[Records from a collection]
------------------------------

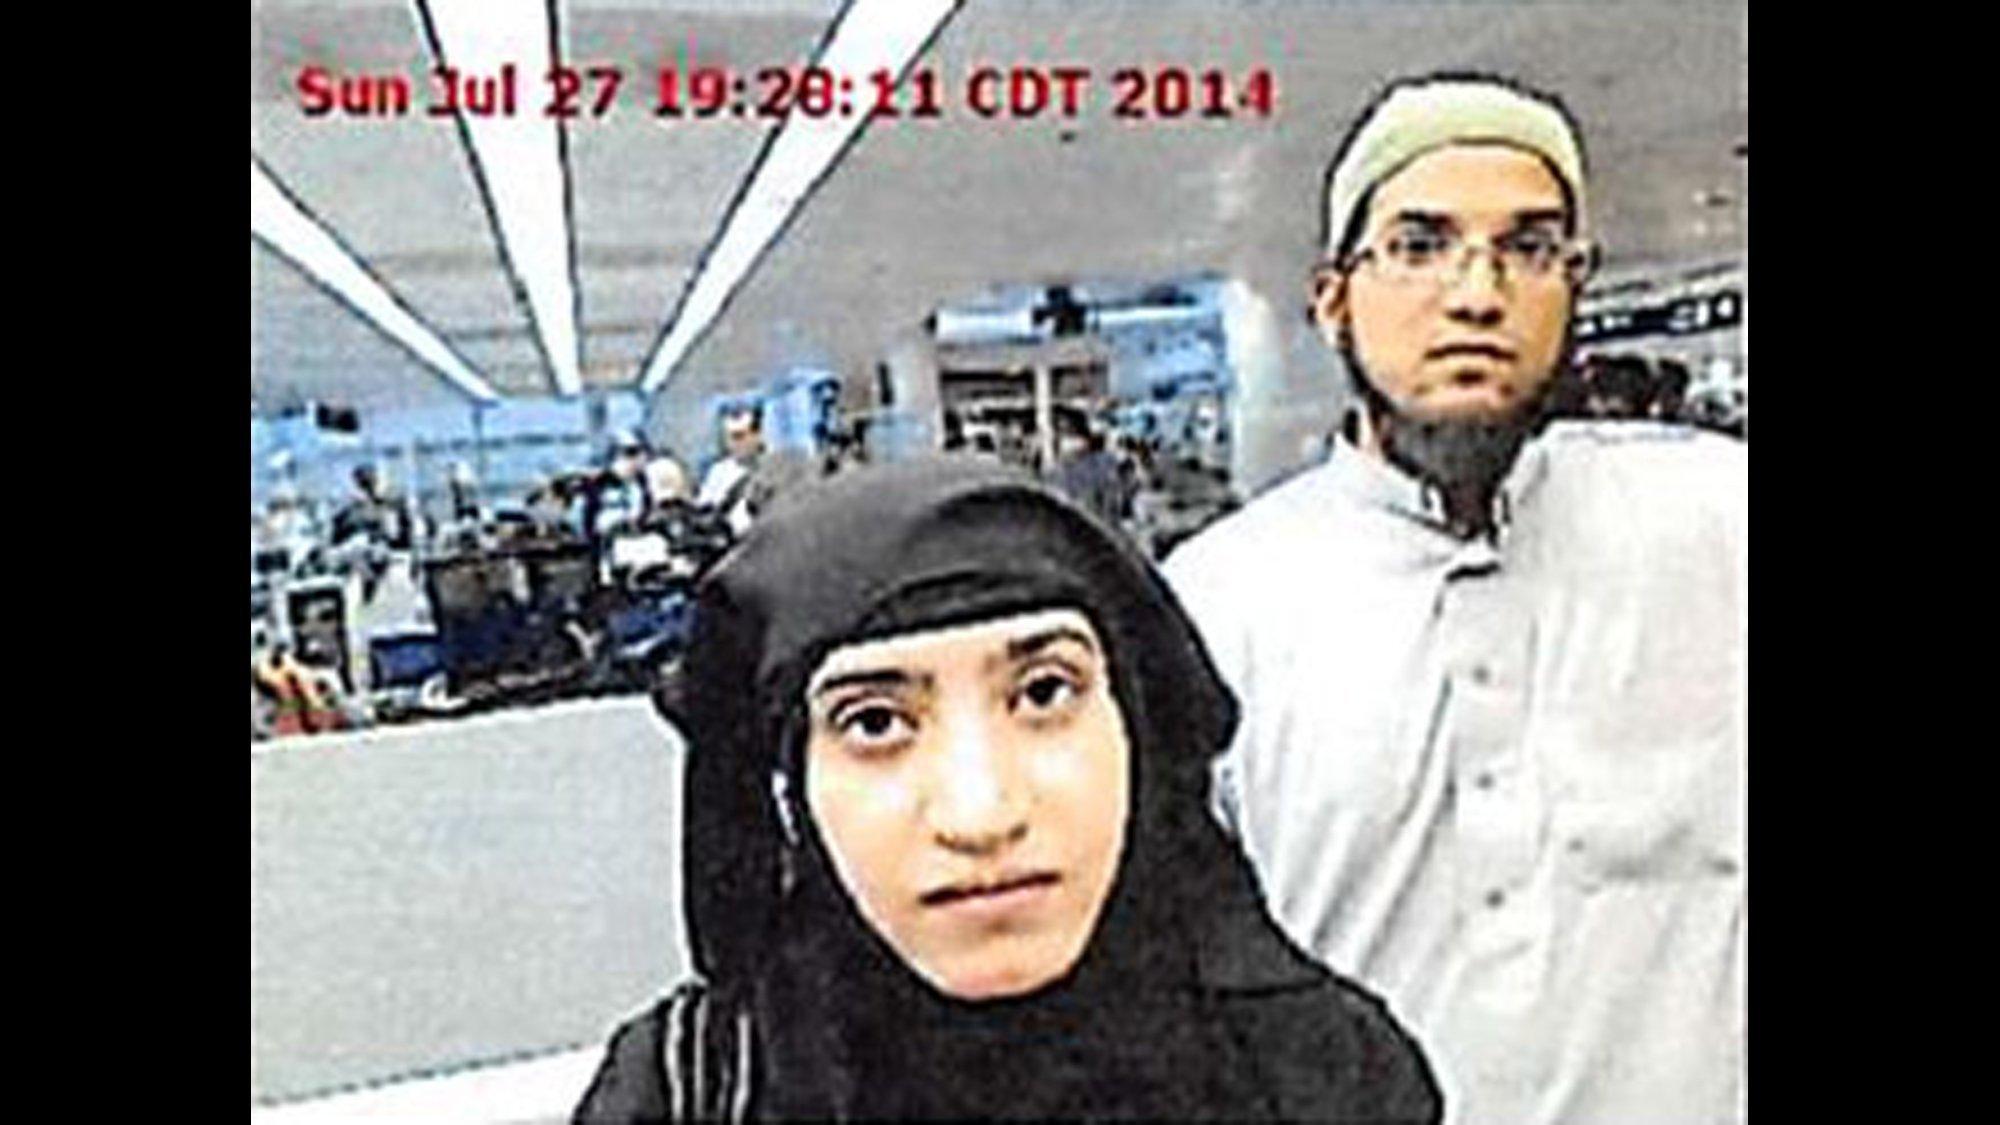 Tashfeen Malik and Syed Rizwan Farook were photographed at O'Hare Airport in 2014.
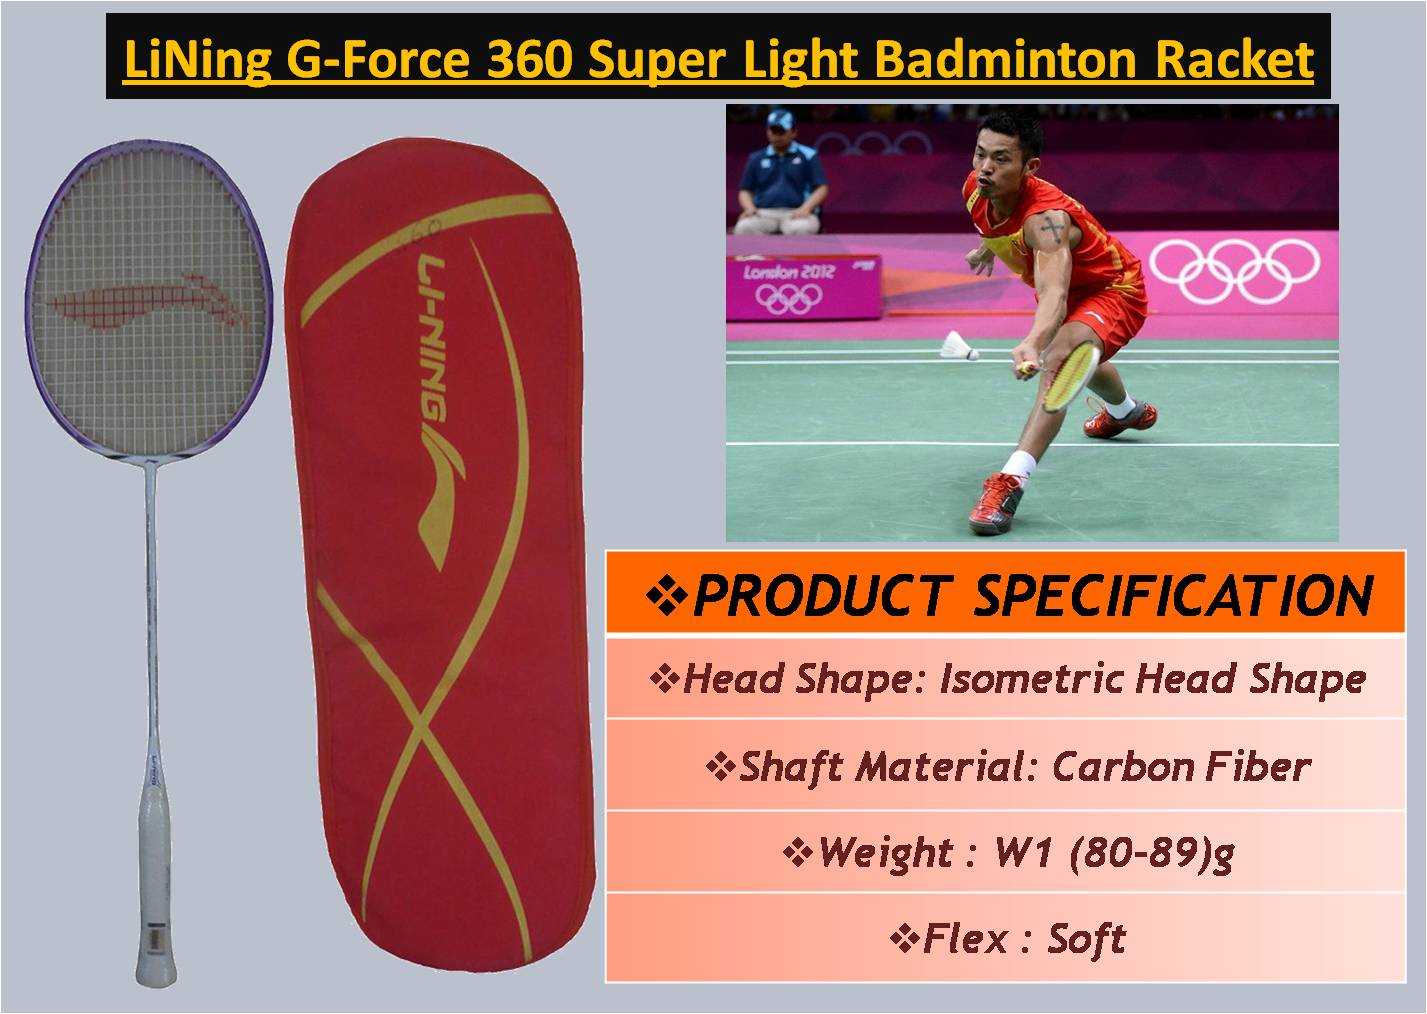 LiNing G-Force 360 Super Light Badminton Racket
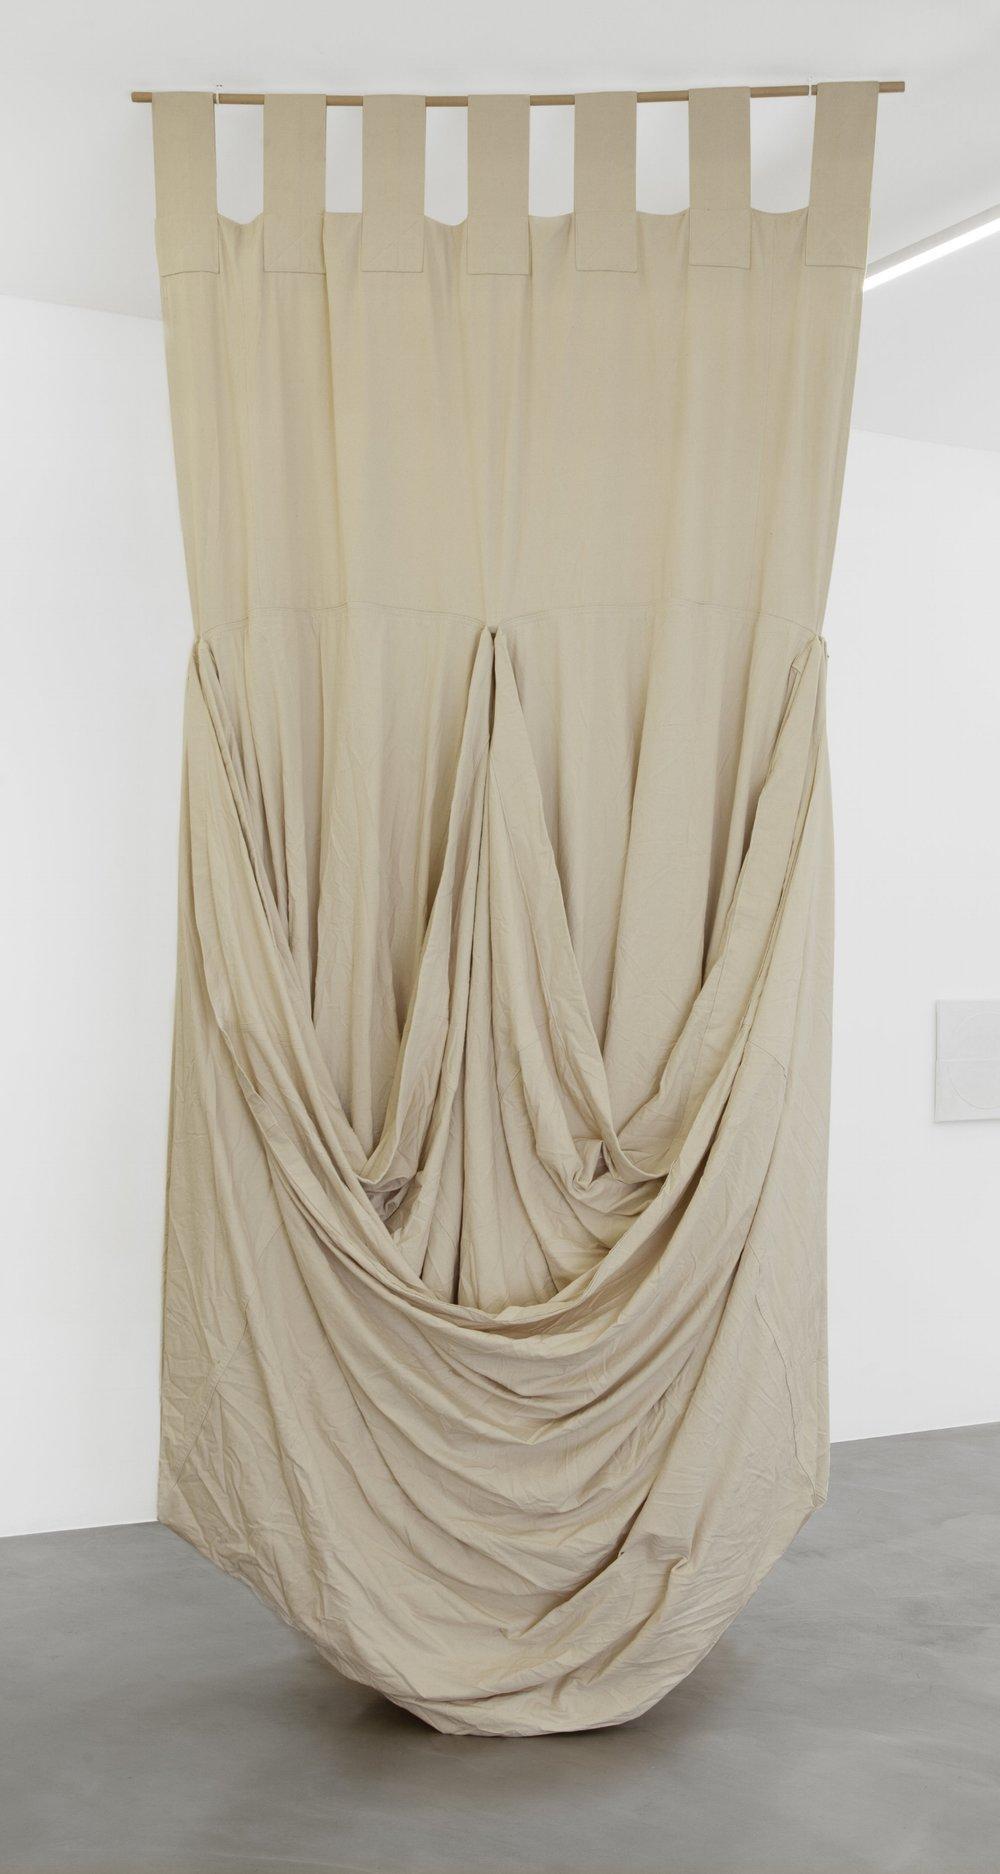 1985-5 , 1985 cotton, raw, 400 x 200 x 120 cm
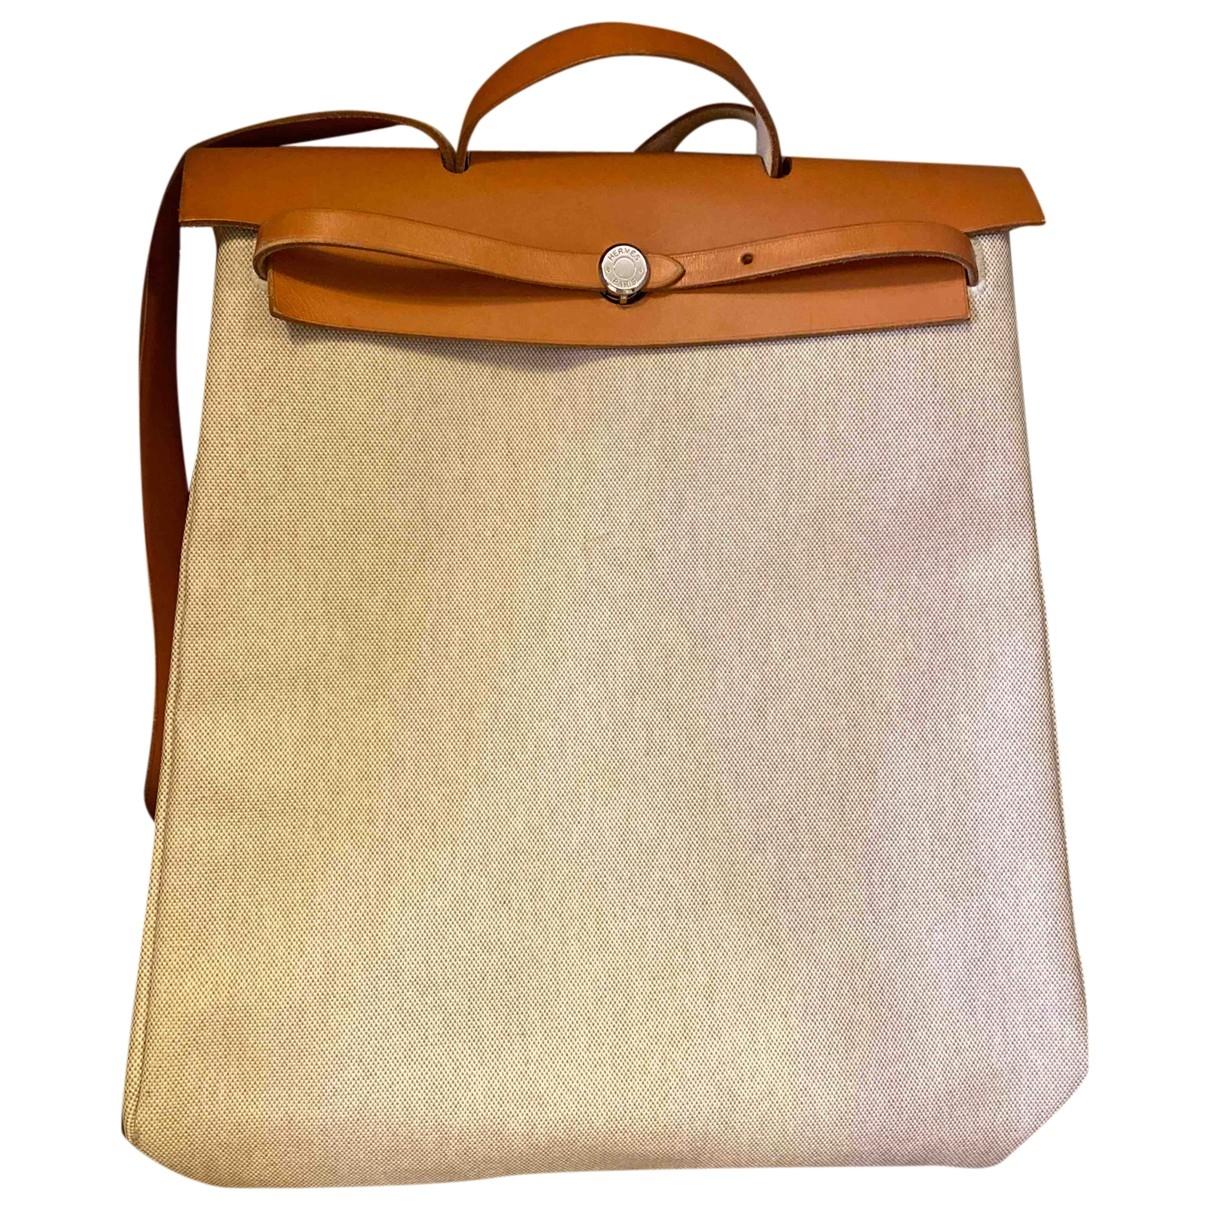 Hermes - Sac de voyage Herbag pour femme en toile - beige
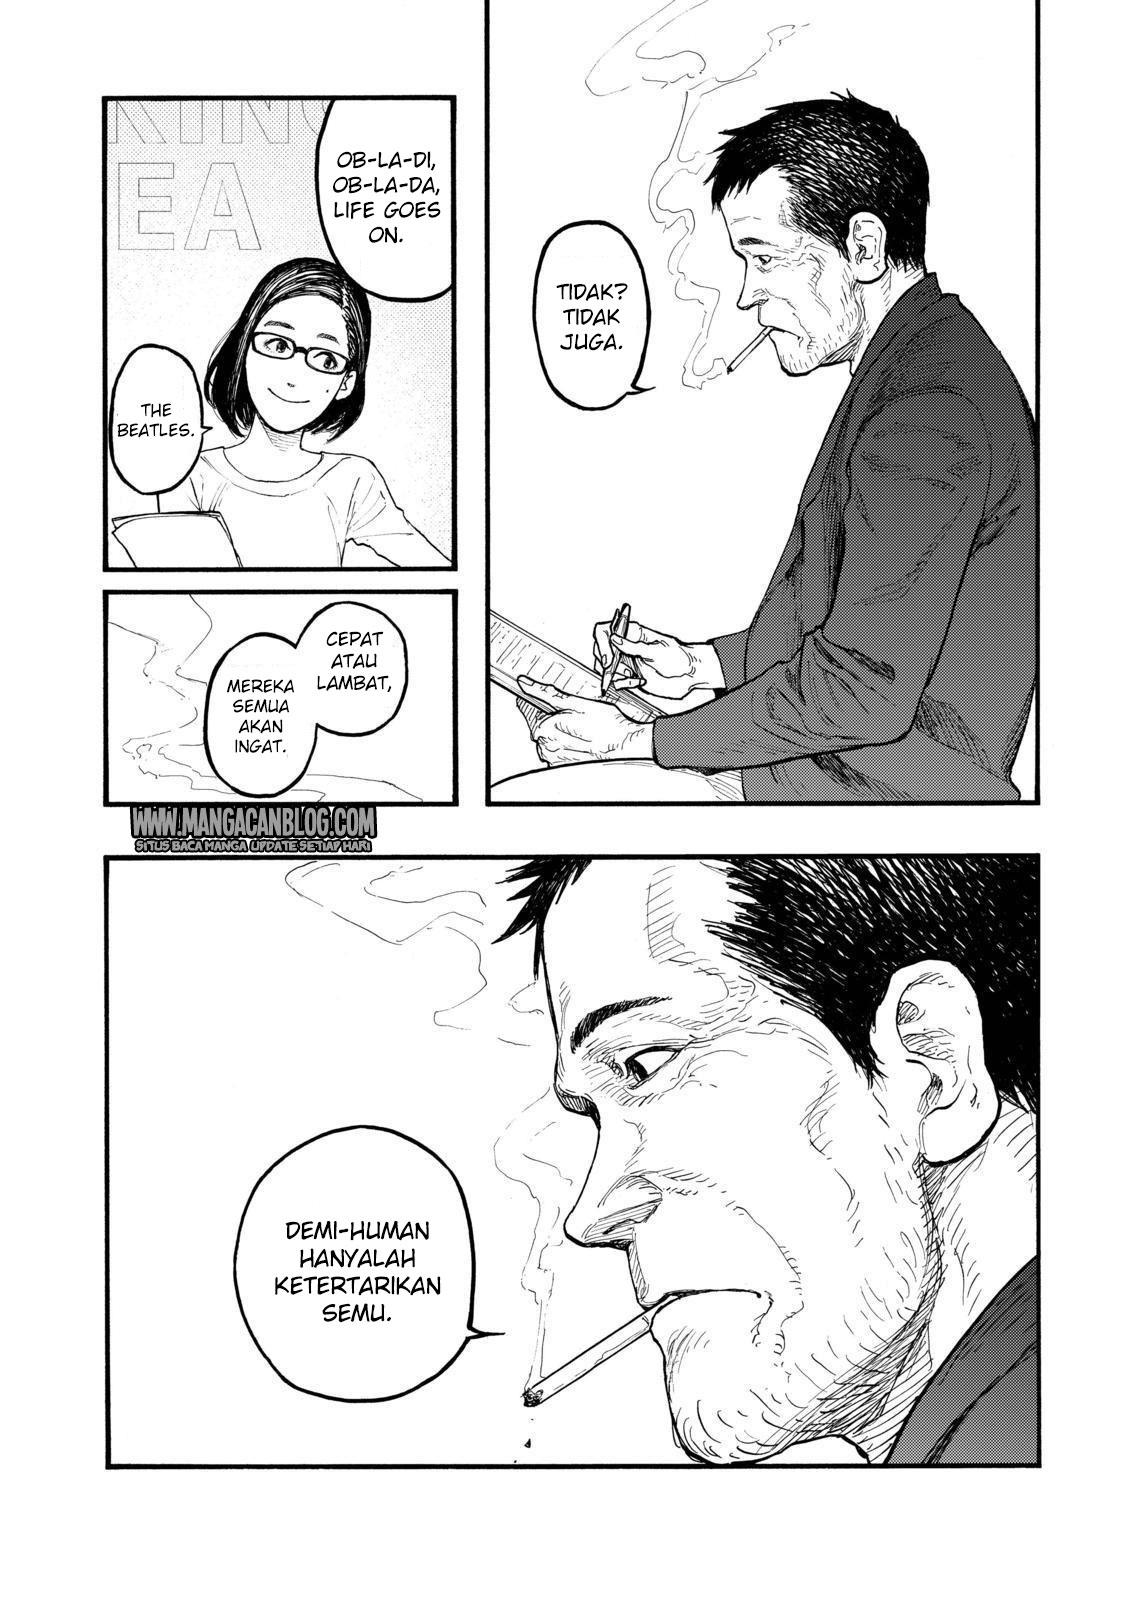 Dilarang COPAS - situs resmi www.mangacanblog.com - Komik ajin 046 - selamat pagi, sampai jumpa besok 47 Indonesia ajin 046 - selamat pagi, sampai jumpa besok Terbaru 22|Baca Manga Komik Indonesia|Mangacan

------------------------------

EXERCISE » Each record above should be returned unchanged, except that the pictures are dropped.

ANSWER FOR THE TASK »
 Tashfeen Malik and Syed Rizwan Farook were photographed at O'Hare Airport in 2014.
 LiNing G-Force 360 Super Light Badminton Racket
 1985-5 , 1985 cotton, raw, 400 x 200 x 120 cm
 Hermes - Sac de voyage Herbag pour femme en toile - beige
 Dilarang COPAS - situs resmi www.mangacanblog.com - Komik ajin 046 - selamat pagi, sampai jumpa besok 47 Indonesia ajin 046 - selamat pagi, sampai jumpa besok Terbaru 22|Baca Manga Komik Indonesia|Mangacan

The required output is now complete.